Successful separation of conjoined twins made possible by CT imaging and 3D printing
Separating joined twins is a highly risky operation. The surgeries get more complicated if their organs and blood vessels are shared. Hence, the amount of preparation required before attempting the surgery is huge. But now for the first time a combination of detailed CT imaging and 3D printing has been used in the surgical planning for the separation of conjoined twins. This was presented in a study in the annual meeting of the Radiological Society of North America (RSNA).
3-D printing is the technology of making three-dimensional objects from digital files — in medicine, typically MRI or CT scans.These rich medical images can be converted into 3D models, which can later be created into physical models if required. Success of complex surgeries is dependent on surgical planning. Surgeons can hold, cut and manipulate these models to decide on the best possible way to conduct the procedure.
Conjoined twins occur when a single fertilized egg fails to completely split into two. Previously success rate of twin separation surgery was critically low. In 75% of the cases, only one of the twins survive.The condition itself is very rare, about one in every 200,000 live births results in a conjoined twin.
The conjoined twins in question were Knatalye Hope and Adeline Faith Mata, from Texas who were born connected from the chest down to the pelvis on April 11, 2014. “This case was unique in the extent of fusion,” said lead author Dr. Rajesh Krishnamurthy, chief of radiology research and cardiac imaging at Texas Children's Hospital, in a press release. “It was one of the most complex separations ever for conjoined twins.” Specialists at the Texas hospital did a comprehensive study of the twin girls by taking extensive CT scans of their internal structures.
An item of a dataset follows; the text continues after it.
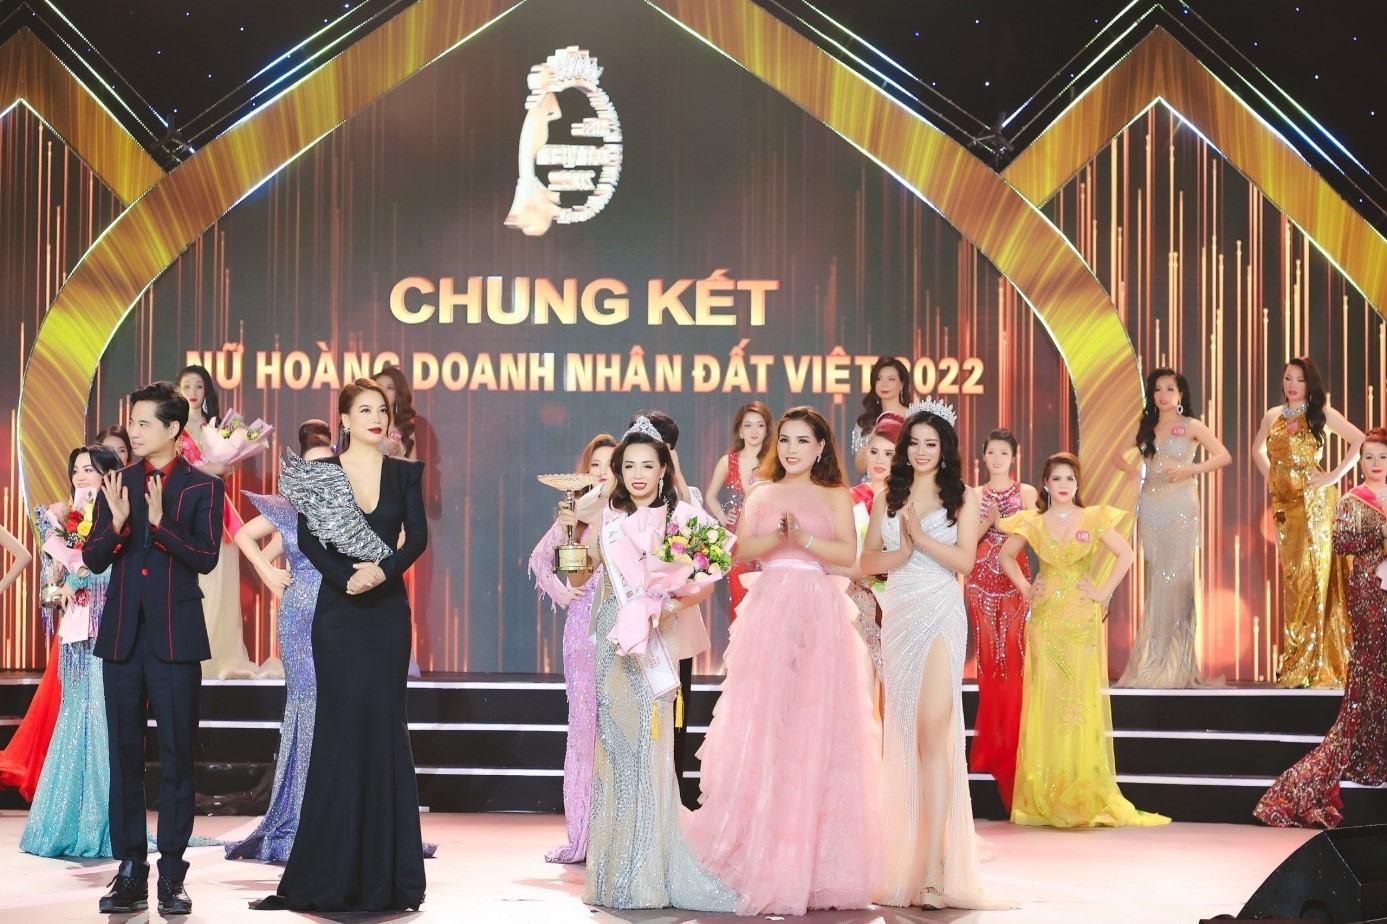 Doanh nhân Lâm Thị Minh Tâm tân Á hoàng 3 cuộc thi Nữ hoàng Doanh nhân đất Việt 2022

The team used volumetric CT imaging with a 320-detector scanner, which gave them accurate and in-depth images of the girls’ bodies. They administered an intravenous contrast separately to each twin , which illuminates blood vessels, the skeletal system and organs, to get a better and clearer picture of their vital structures.They also relied on target mode prospective EKG gating techniques, which freeze the motion of the hearts on the image to get a more detailed view of the cardiovascular anatomy, while reducing radiation exposure to the twins.
"The CT scans showed that the babies' hearts were in the same cavity but were not fused," Krishnamurthy said. "Also, we detected a plane of separation of the liver that the surgeons would be able to use." These scans helped the Texas team in framing color coded 3D printed models of the twins’ skeletal structures and organs. The skeletal structures and supports were made in hard plastic resin, and organs built from a rubber-like material. The livers were printed as separate pieces of the transparent resin, with major blood vessels depicted in white for better visibility. The models were designed so that they could be assembled together or separated during the surgical planning process. It was also featured in different colors to distinguish between the twins.
A specialist team including 12 surgeons,6 anesthesiologists, and 8 surgical nurses were finally able to attempt the surgery on Feb 17, 2015, when the babies were 10 months old. The operation took 26 hours to be completed. Due to lack of major discrepancies between the models and the actual anatomy of the twins’ , the surgery was a success. Knatalye returned home in May and her twin Adeline went home a month later. "The surgeons found the landmarks for the liver, hearts and pelvic organs just as we had described," Dr. Krishnamurthy said. "The concordance was almost perfect." These models also helped the surgeons explain the whole procedure to the parents before the surgery. The parents were vastly relieved. Dr Krishnamurthy suggests to use this technique as a standard tool in the preparation for surgical separation of joined twins.
"The 3D printing technology has advanced quite a bit, and the costs are declining. What's limiting it is a lack of reimbursement for these services," he said. "The procedure is not currently recognized by insurance companies, so right now hospitals are supporting the costs."